Risk & Compliance

Beyond Backdating: Options Theft

SEC alleges that a former stock-options administrator illegally issued and transferred more than 700,000 shares of stock and stock options to a bro...
Stephen TaubMay 4, 2007

Forget backdating.

Outright “theft of stock options” was the allegation levied by the Securities and Exchange Commission against Vencent A. Donlan, a former stock-options administrator for Wireless Facilities Inc. The SEC alleges that Donlan defrauded the company by illegally issuing and transferring WFI stock and stock options to an account in his name.

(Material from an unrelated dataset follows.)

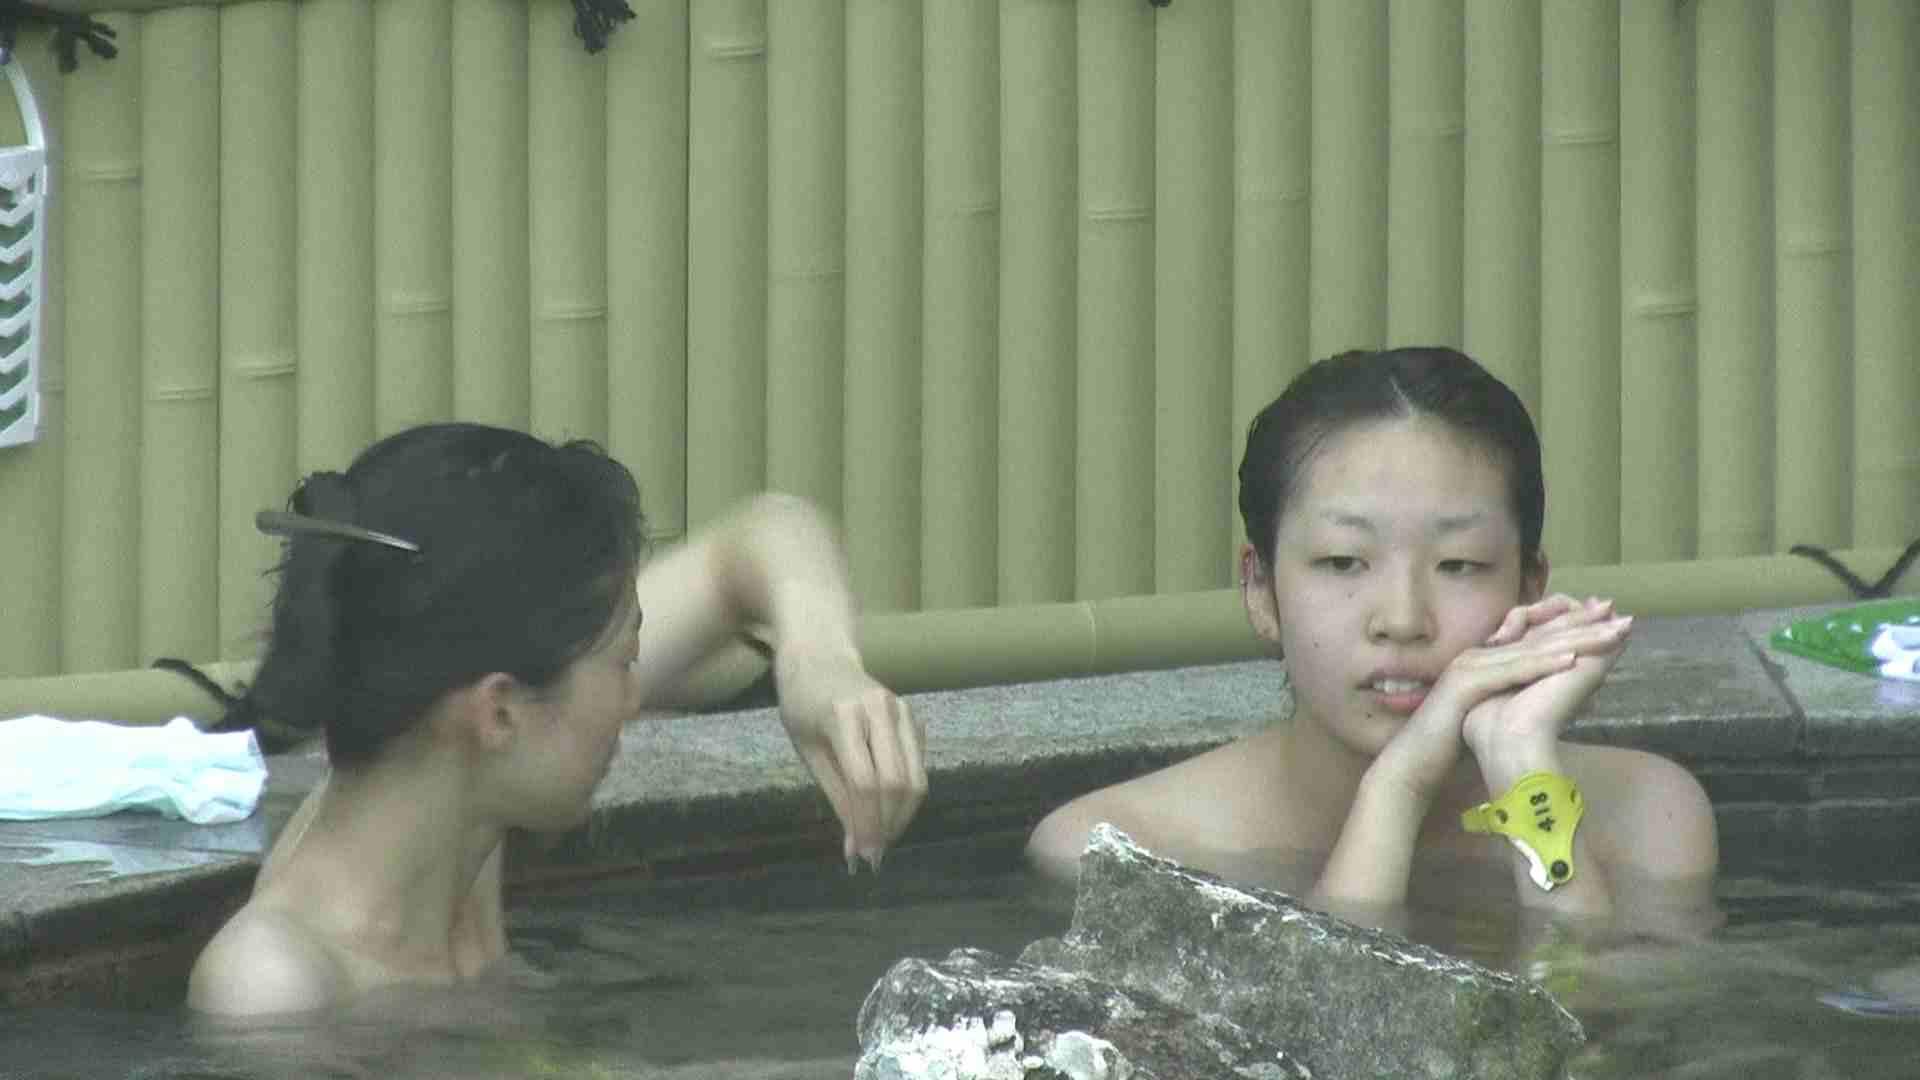 Aquaな露天風呂Vol.195 OLセックス 盗撮ワレメ無修正動画無料 71画像 29

The commission also secured a temporary restraining order from U.S. District Judge John A. Houston freezing the assets of Donlan and his wife, Robin D. Colls Donlan.

According to the SEC, between November 2002 and November 2003, Vencent Donlan issued and transferred more than 700,000 shares of WFI stock and stock options to a brokerage account held jointly with his wife. To do this, he allegedly made false entries in WFI’s stock-option software to create and then hide 27 unauthorized grants, and he provided false information to WFI’s brokerage firm and transfer agent, according to the complaint.

The regulator also charges that Donlan or his wife exercised the options and sold the stock on the open market, realizing net proceeds of at least $7.7 million. The proceeds were then allegedly transferred or paid to other accounts.

The SEC asserts that some of the proceeds may have been used to acquire real estate, including a home in San Diego purchased for $942,000 in cash as well as property in Julian, California, purchased for $655,000 in cash.

In addition to freezing several million dollars in personal and real property, the court order requires an accounting of the couple’s assets, provides for expedited discovery, and prohibits them from destroying evidence.

The SEC complaint charges Donlan with securities fraud and names his wife as a relief defendant because she received proceeds from the fraud. The commission is seeking disgorgement of ill-gotten gains with prejudgment interest from the couple as well as civil monetary penalties and a permanent injunction for Donlan.

An attorney for Vencent and Robin Colls Donlan could not immediately be identified for comment.